■ The task
Each line below from the line with "Distant view of" to the line with "Parsnip Bruschetta with" must be copied exactly, including those two, and no picture may appear in the copy.

■ Listed records
####################

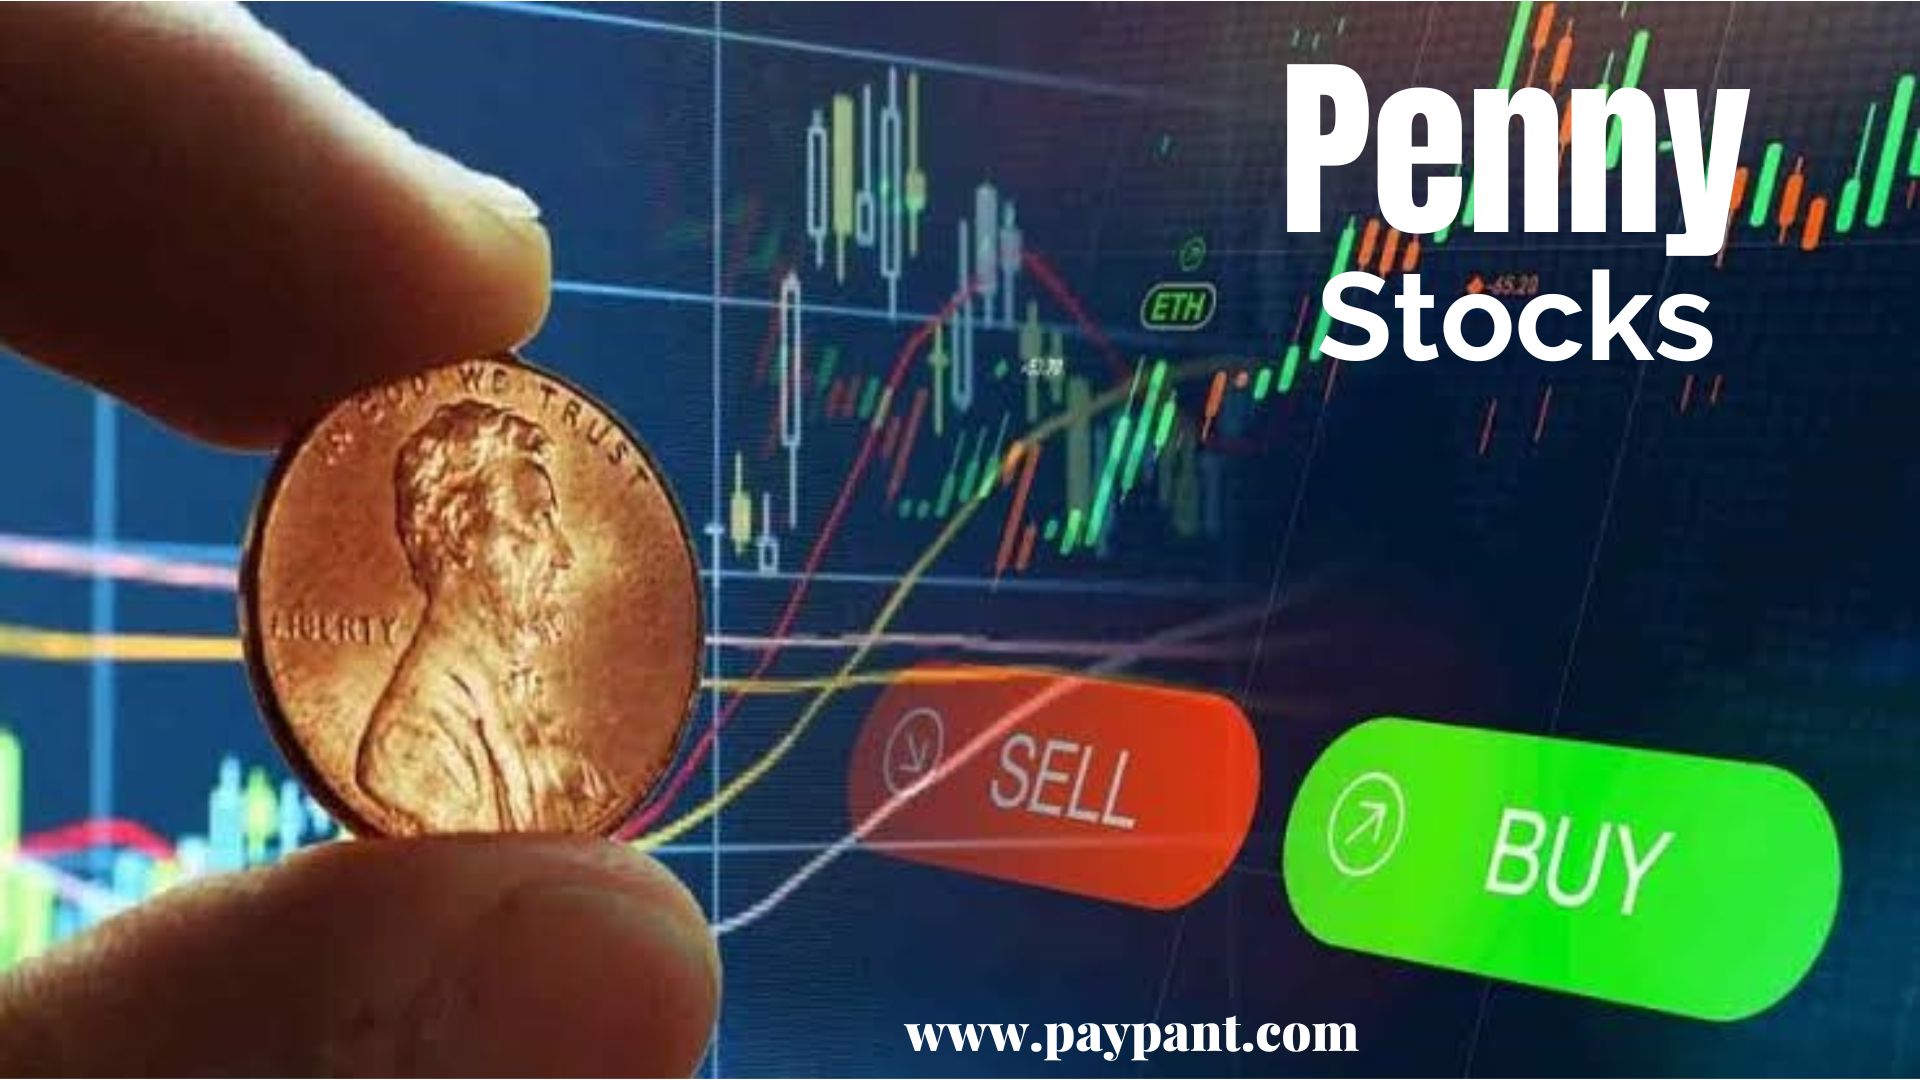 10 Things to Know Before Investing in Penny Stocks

####################

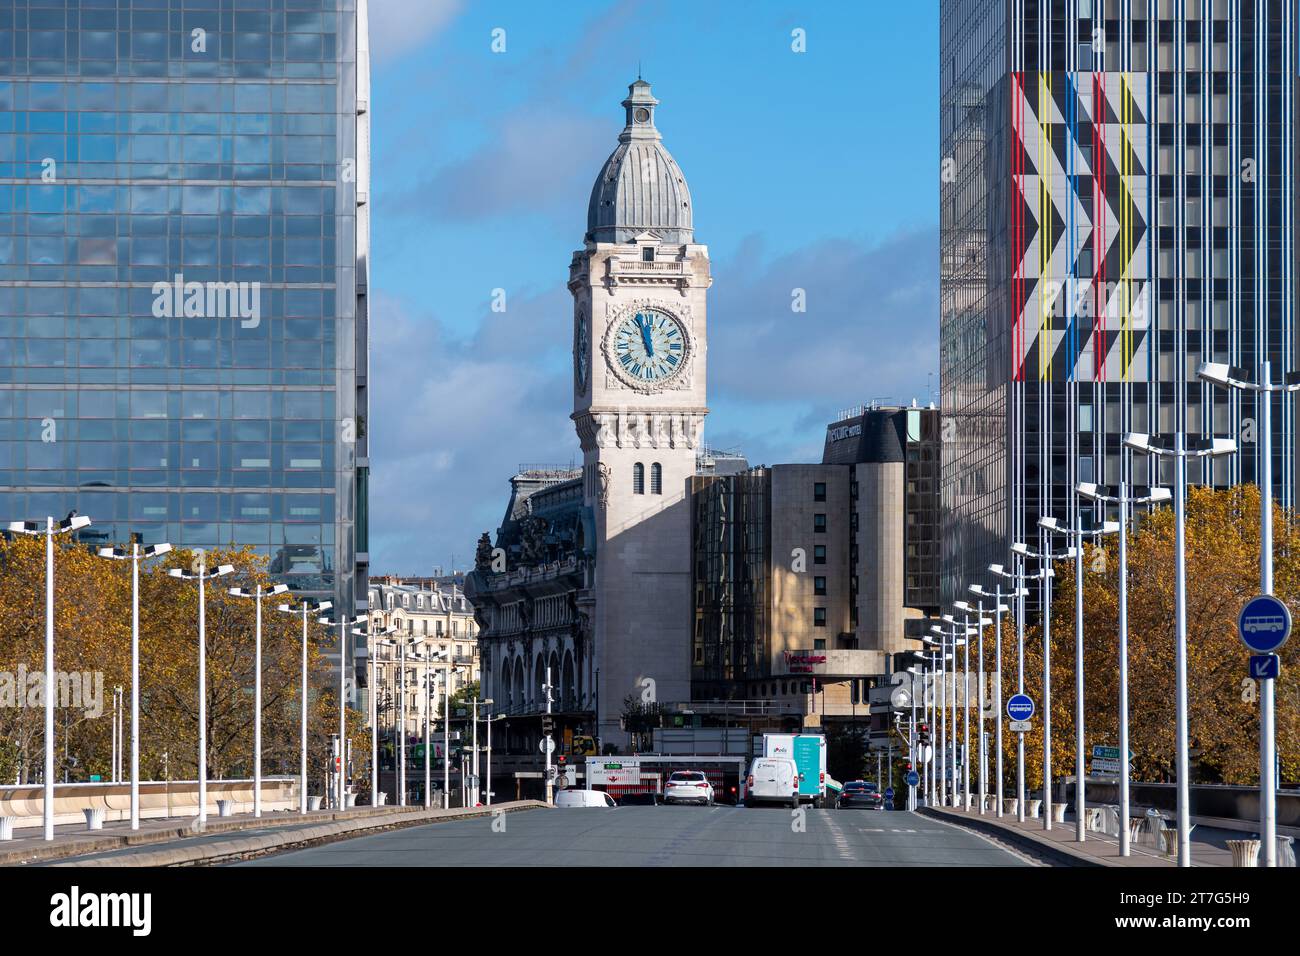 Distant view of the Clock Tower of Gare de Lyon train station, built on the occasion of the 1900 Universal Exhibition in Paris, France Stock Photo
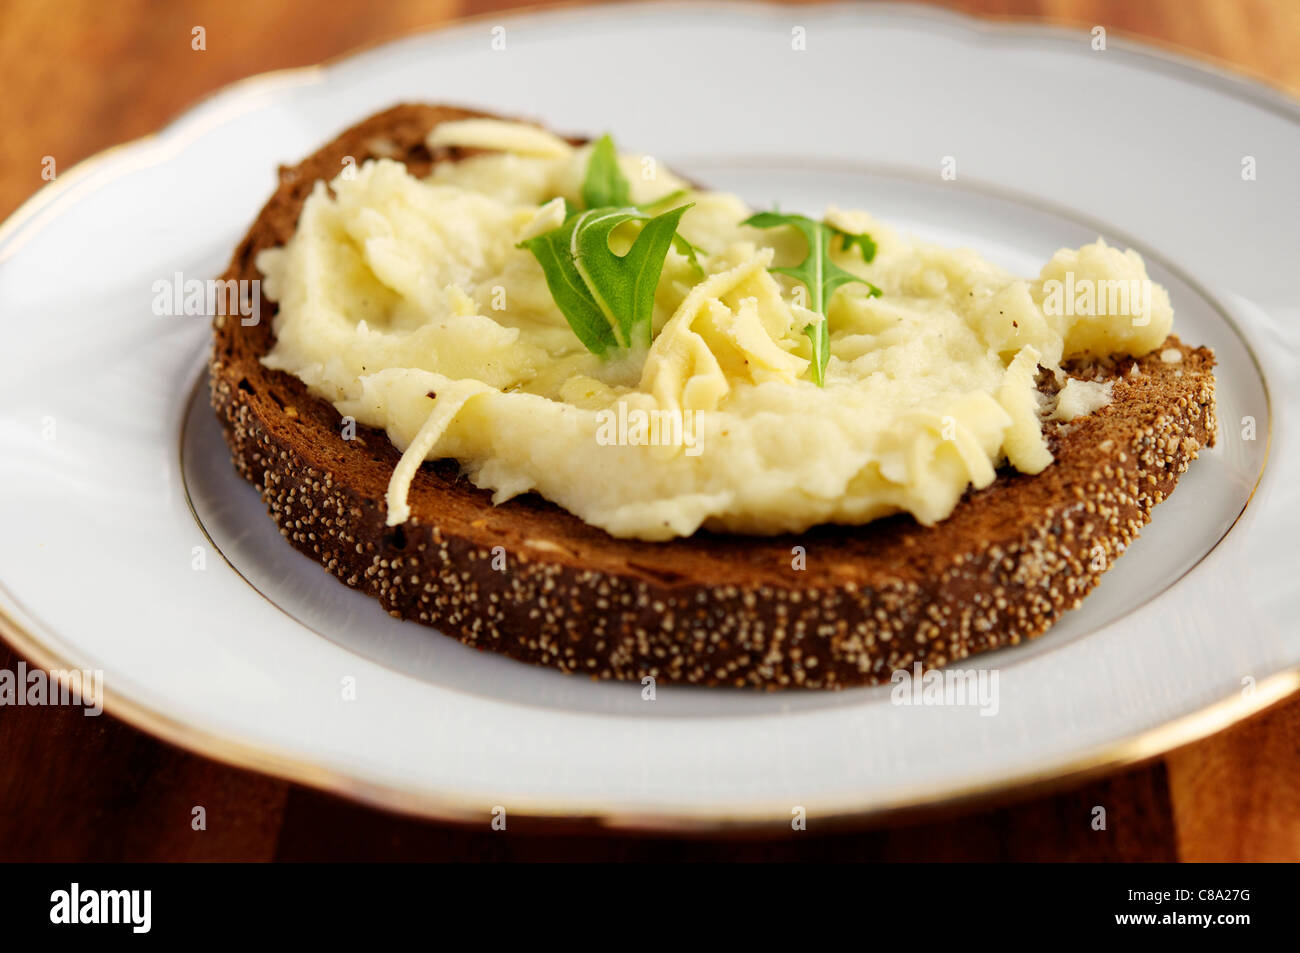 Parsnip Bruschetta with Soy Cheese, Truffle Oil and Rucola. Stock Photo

####################

■ Result of the task
 Distant view of the Clock Tower of Gare de Lyon train station, built on the occasion of the 1900 Universal Exhibition in Paris, France Stock Photo
 Parsnip Bruschetta with Soy Cheese, Truffle Oil and Rucola. Stock Photo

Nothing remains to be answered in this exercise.